[Beowulf] single machine with 500 GB of RAM
Andrew Holway
andrew.holway at gmail.com
Wed Jan 9 09:00:57 PST 2013
As its a single thread I doubt that faster memory is going to help you much. It's going to suck whatever you do.
Am 9 Jan 2013 um 17:29 schrieb Jörg Saßmannshausen <j.sassmannshausen at ucl.ac.uk>:
> Dear all,
>
> many thanks for the quick reply and all the suggestions.
>
> The code we want to use is that one here:
>
> http://www.cpfs.mpg.de/~kohout/dgrid.html
>
> Feel free to download and dig into the code. I am no expert in Fortran so I
> won't be able to help you much if you got specific questions to the code :-(
> However, my understanding is that it will only run on one core/thread.
>
> As for the budget: That is where it is getting a bit tricky. The ceiling is
> 10k GBP. I know that machines with less memory, say 256 GB, are cheaper, so
> one solution would be to get two of the beast so we can do two calculations at
> the same time. If there are enough slots free, we could upgrade to 500 GB once
> we got another pot of money.
>
> I guess I would go for DDR3, simply as it is faster. Waiting 2 weeks for a
> calculation is no fun, so if we can save a bit of time here (faster RAM) we
> gain actually quite a bit here.
>
> I am not convinced with the AMD Bulldozer to be honest. From what I understand
> the Sandybridge has the faster memory access (higher bandwidth). Is that
> correct or do I miss out something here.
>
> I gather that the idea of just using one CPU is not a good one. So we need to
> have a dual CPU machine, which is fine with me.
>
> I am wondering about the vSMP / ScaleMP suggestion from Joe. If I am using an
> InfiniBand network here, would I be able to spread the 'bottlenecks' a bit
> better? What I am after is, when I tested out the InfiniBand on the new cluster
> we got, I noticed that if you are running a job in parallel between nodes, the
> same amount of cores are marginally faster. At the time I put that down due to
> a slightly faster memory access as there was no bottleneck to the RAM.

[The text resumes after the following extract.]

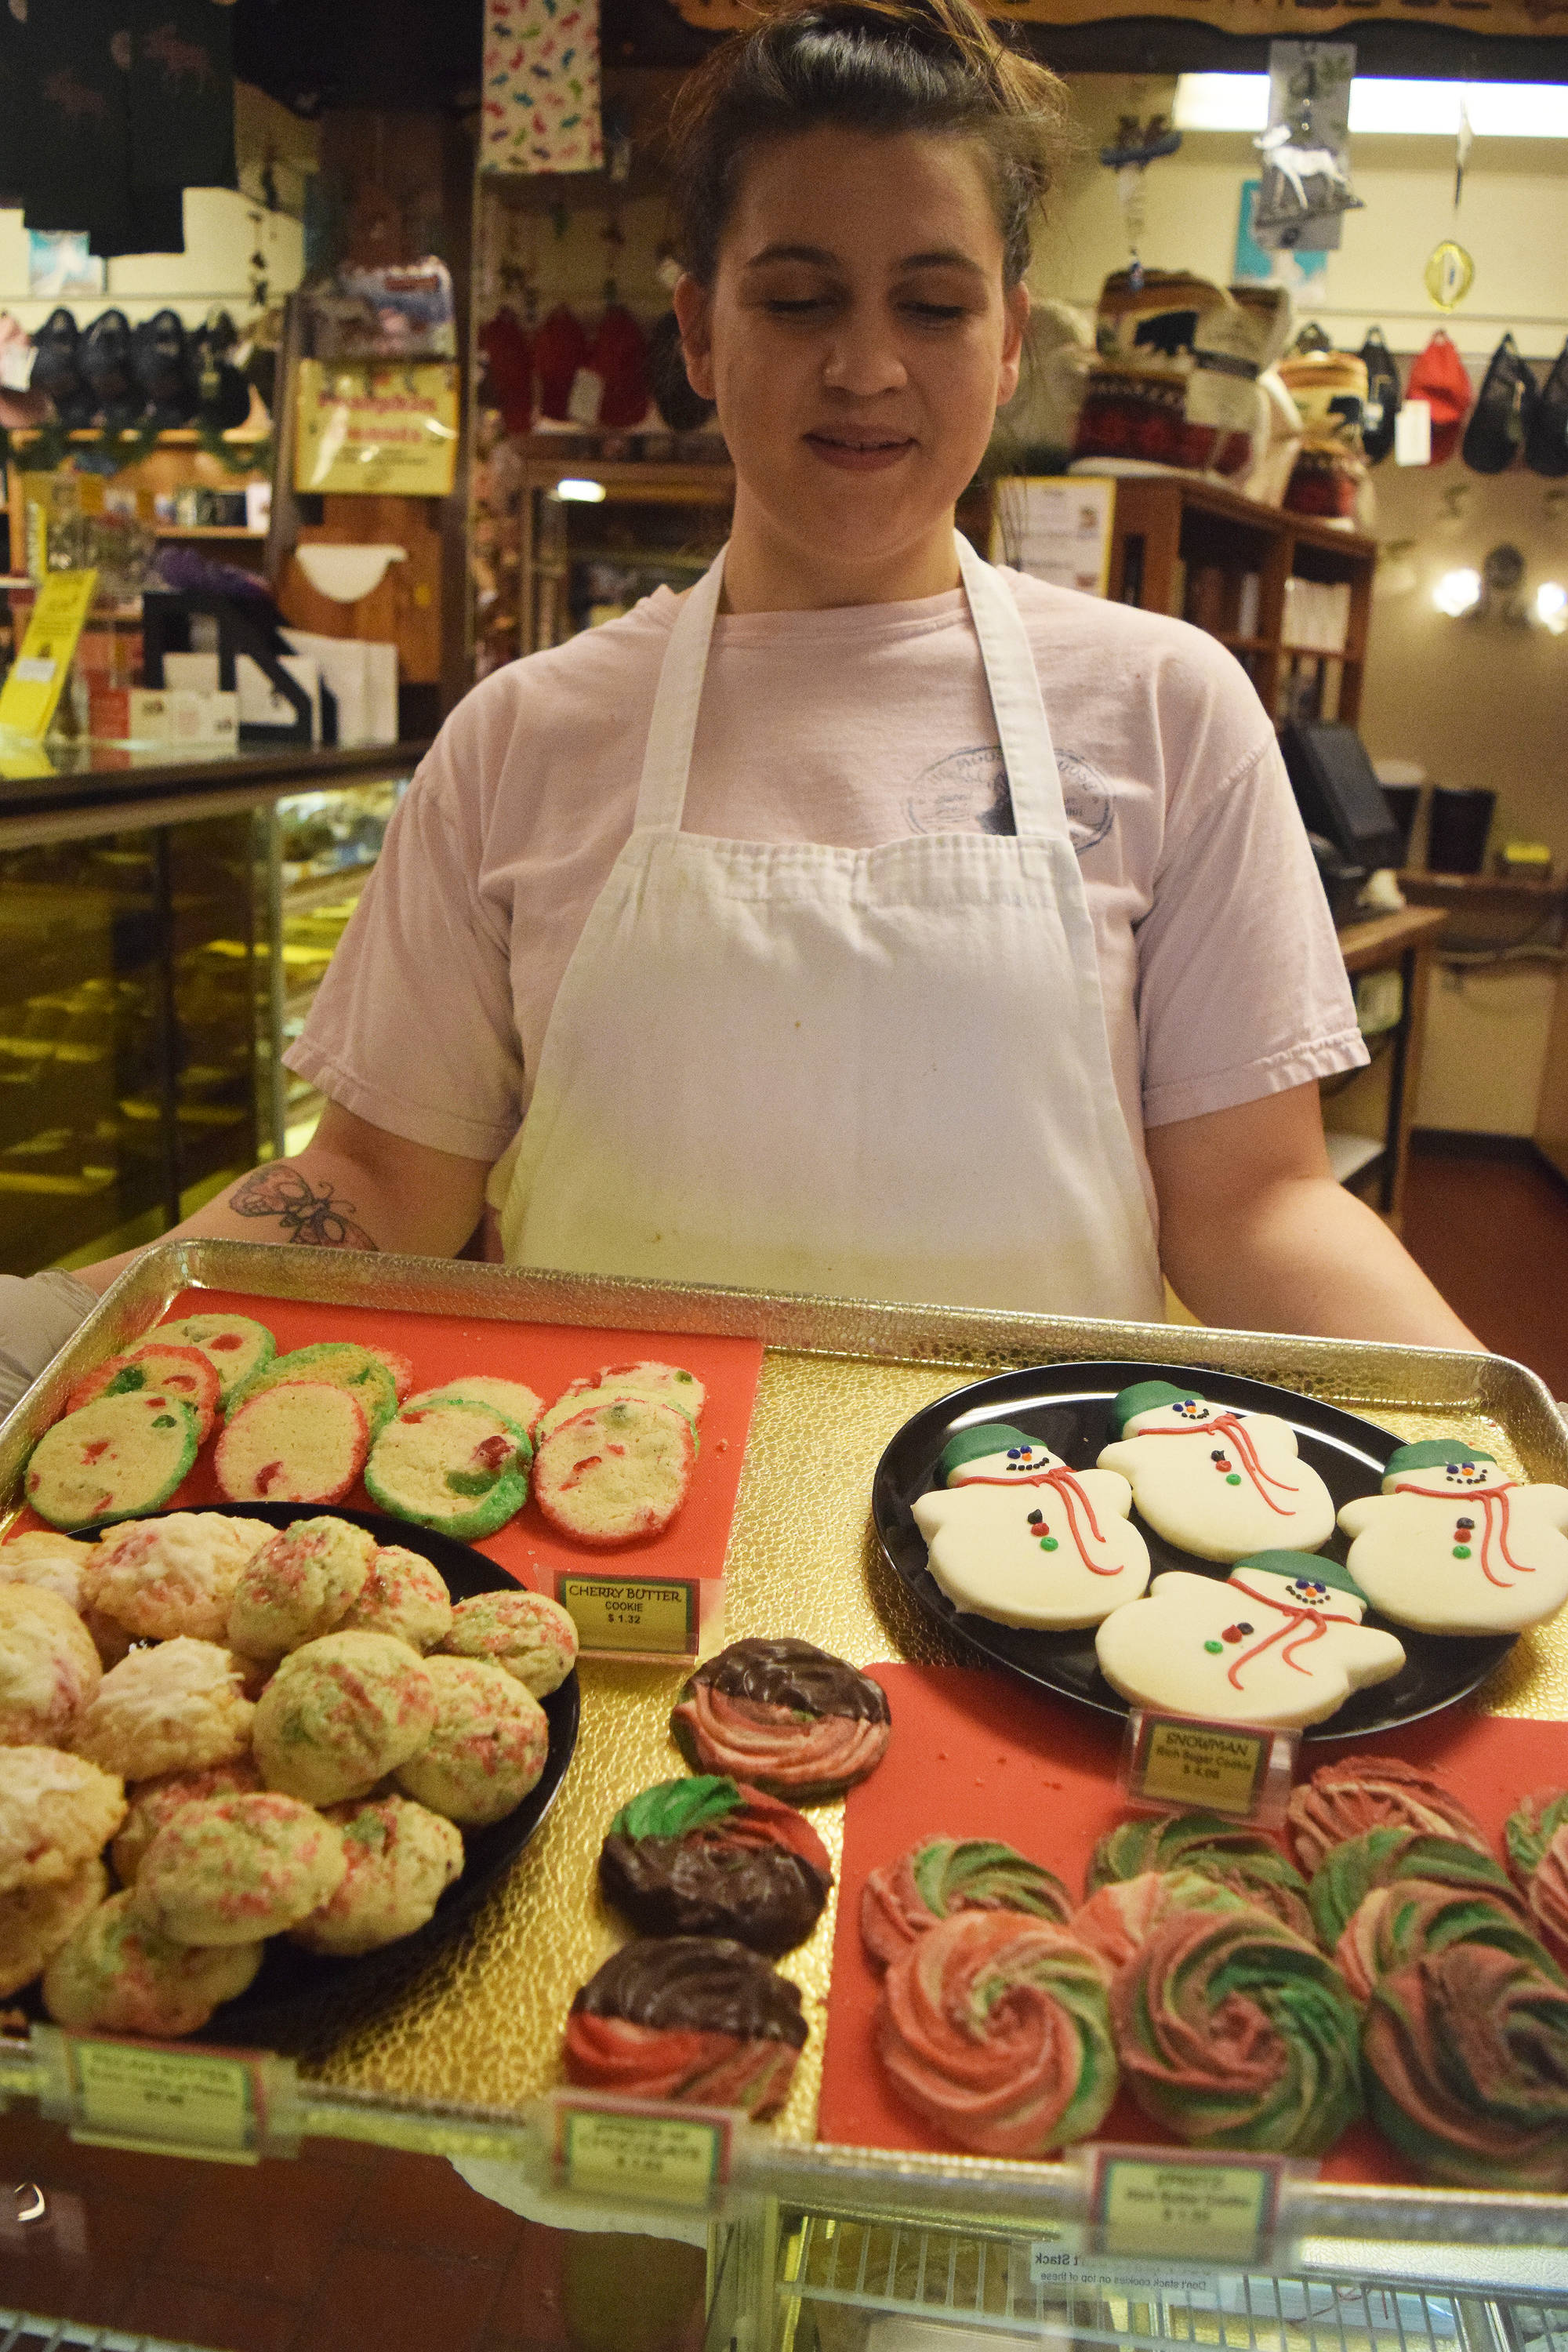 The Moose is Loose employee Elainnah Lagoutaris displays a pan of holiday-themed cookies Tuesday afternoon at the popular bakery in Soldotna. (Photo by Joey Klecka/Peninsula Clarion)

> I am not familiar with vSMP (i.e. I never used it), but is it possible to
> aggregate RAM from a number of nodes (say 40) and use it as a large virtual
> SMP? So one node would be slaving away with the calculations and the other
> nodes are only doing memory IO. Is that possible with vSMP?

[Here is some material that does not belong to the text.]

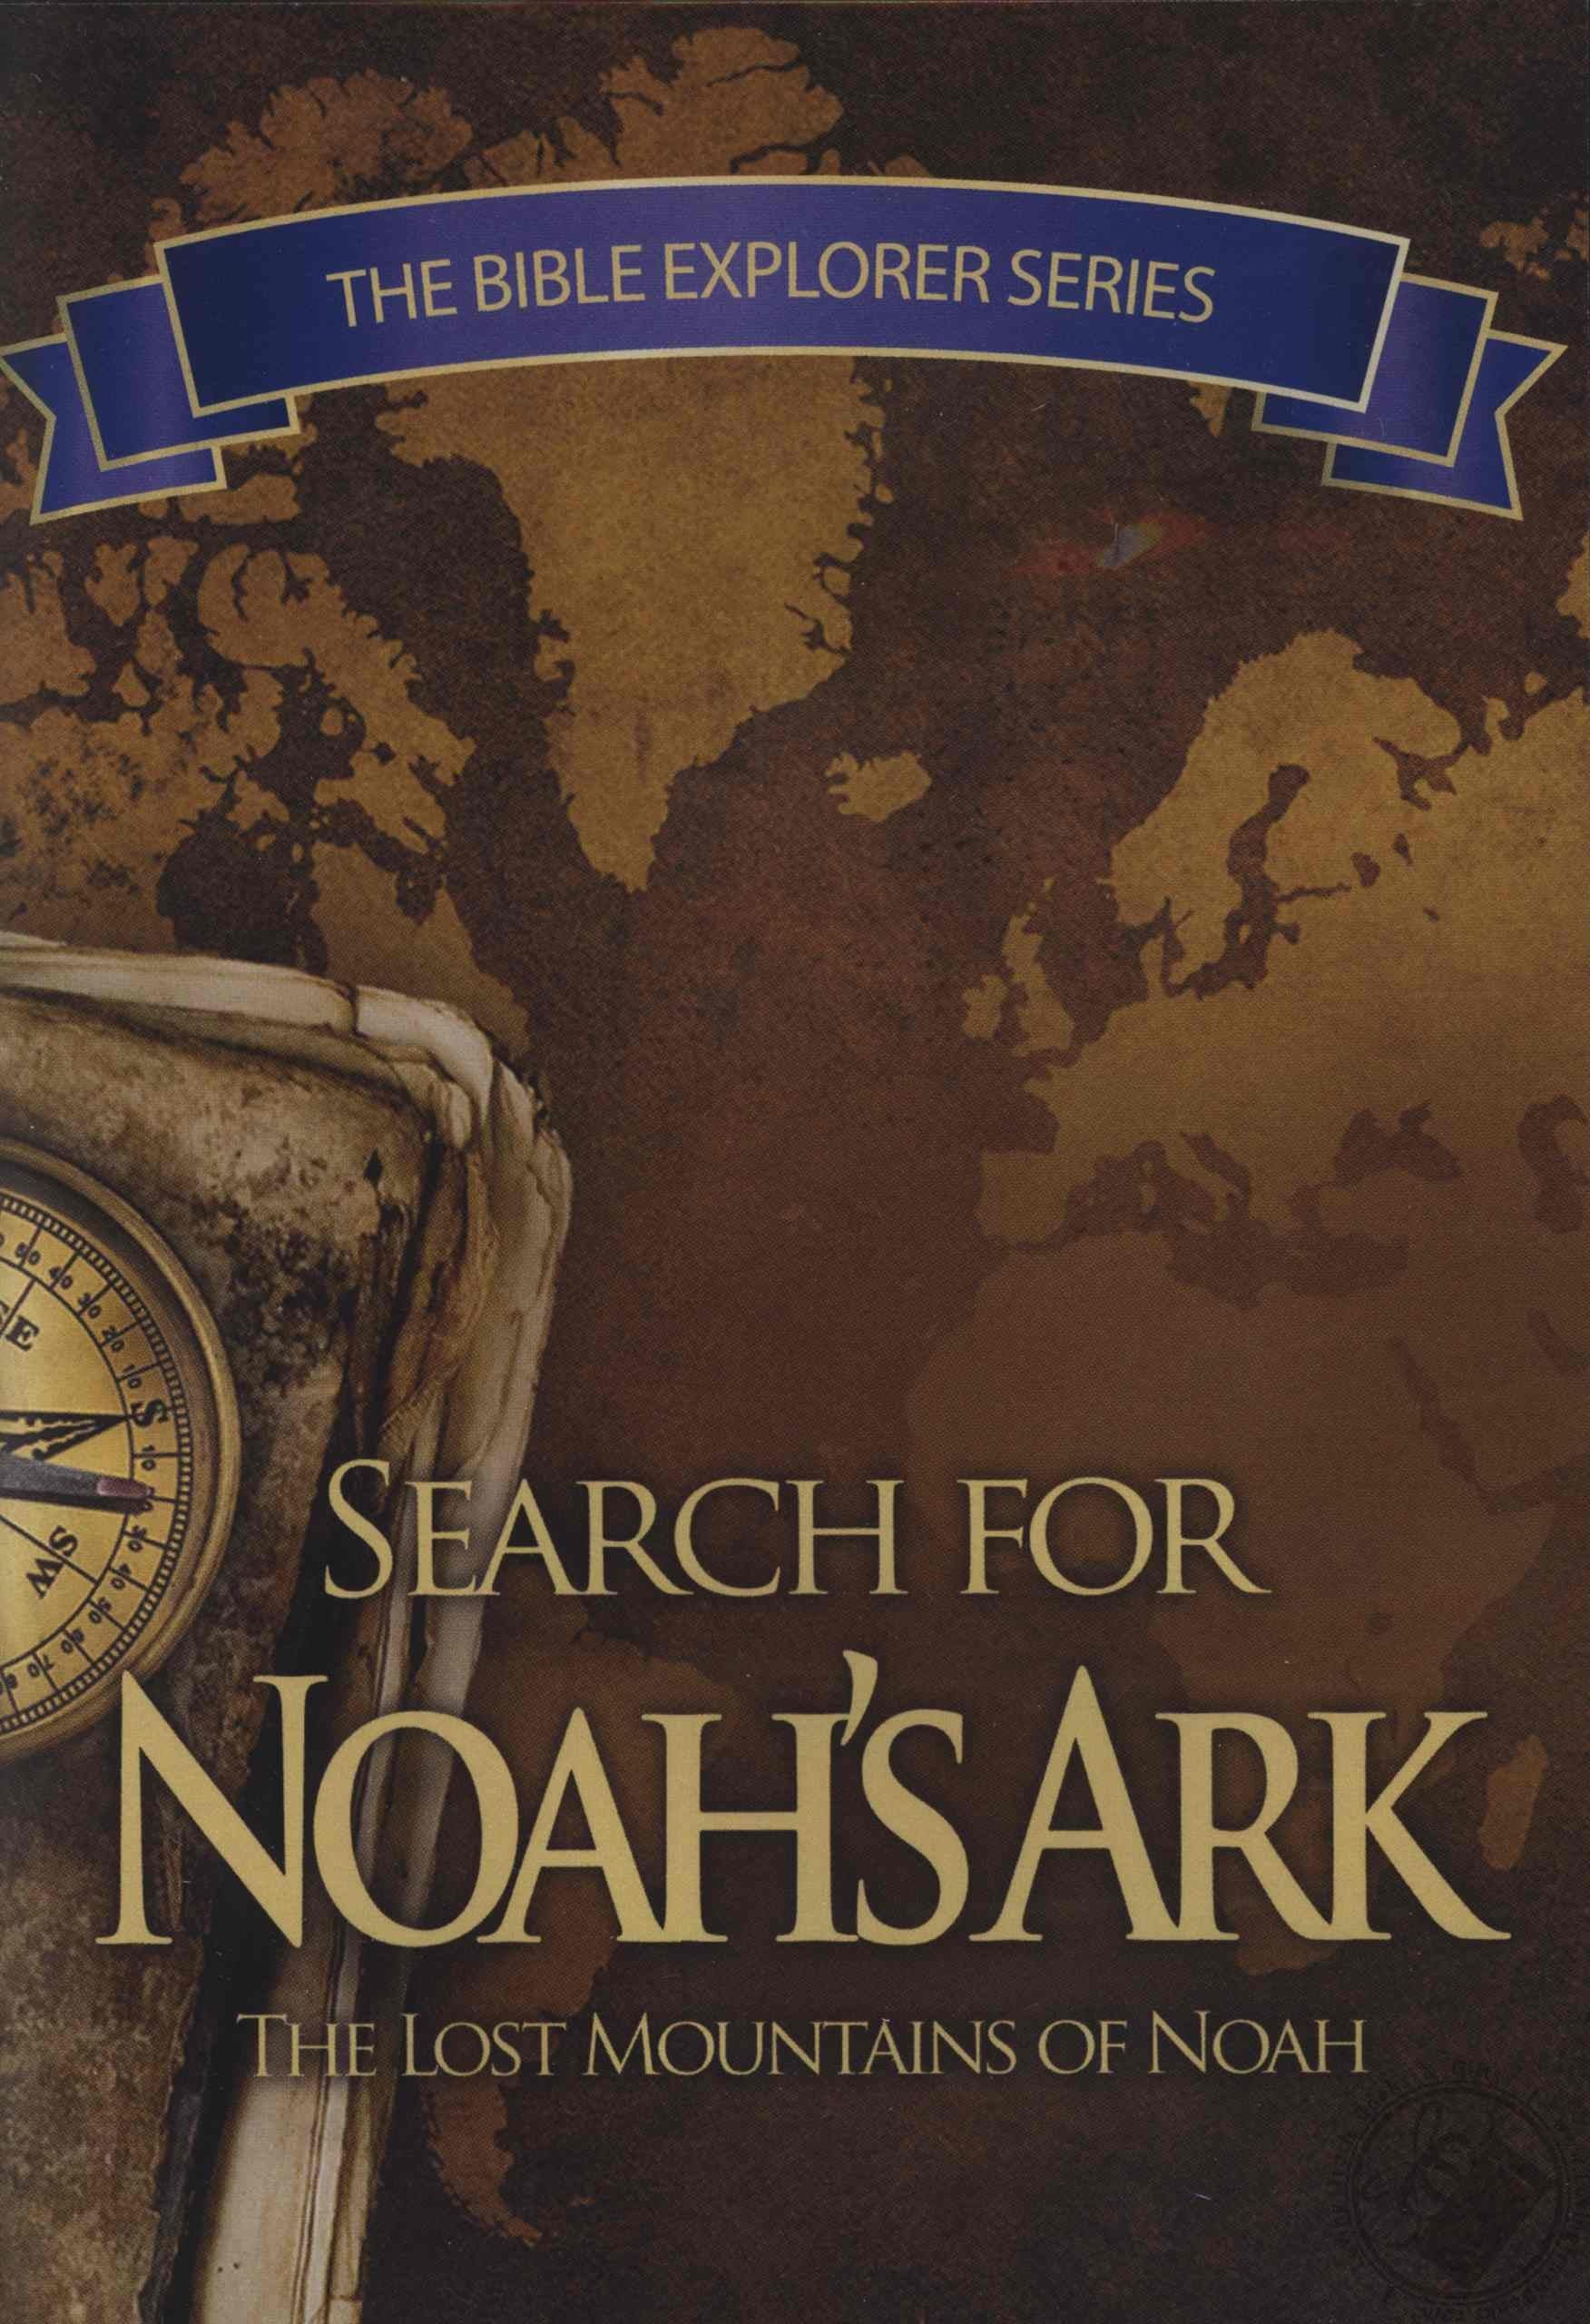 The Search for Noah's Ark

> In a related context, how about NUMAScale?
>
> The idea of the aggregates SDD is nice as well. I know some storage vendors
> are using a mixture of RAM and SDD for their meta-data (fast access) and that
> seems to work quite well. So that would be a large swap file / partition or is
> there another way to use disc-space as RAM? I need to read the paper of
> NVMalloc I suppose. Is that actually used or is that just a good idea and we
> got a working example here?
>
> I don't think there is much disc IO here. There is most certainly no network
> bound traffic as it is a single thread. A fast CPU would be of advantage as
> well, however, I gut the feeling the trade-off would be the memory access speed
> (bandwidth).
>
> I have tried to answer the questions raised. Let me know whether there are
> still some unclear points.
>
> Thanks for all your help and suggestions so far. I will need to digest that.
>
> All the best from a sunny London
>
> Jörg
>
> --
> *************************************************************
> Jörg Saßmannshausen
> University College London
> Department of Chemistry
> Gordon Street
> London
> WC1H 0AJ
>
> email: j.sassmannshausen at ucl.ac.uk
> web: http://sassy.formativ.net
>
> Please avoid sending me Word or PowerPoint attachments.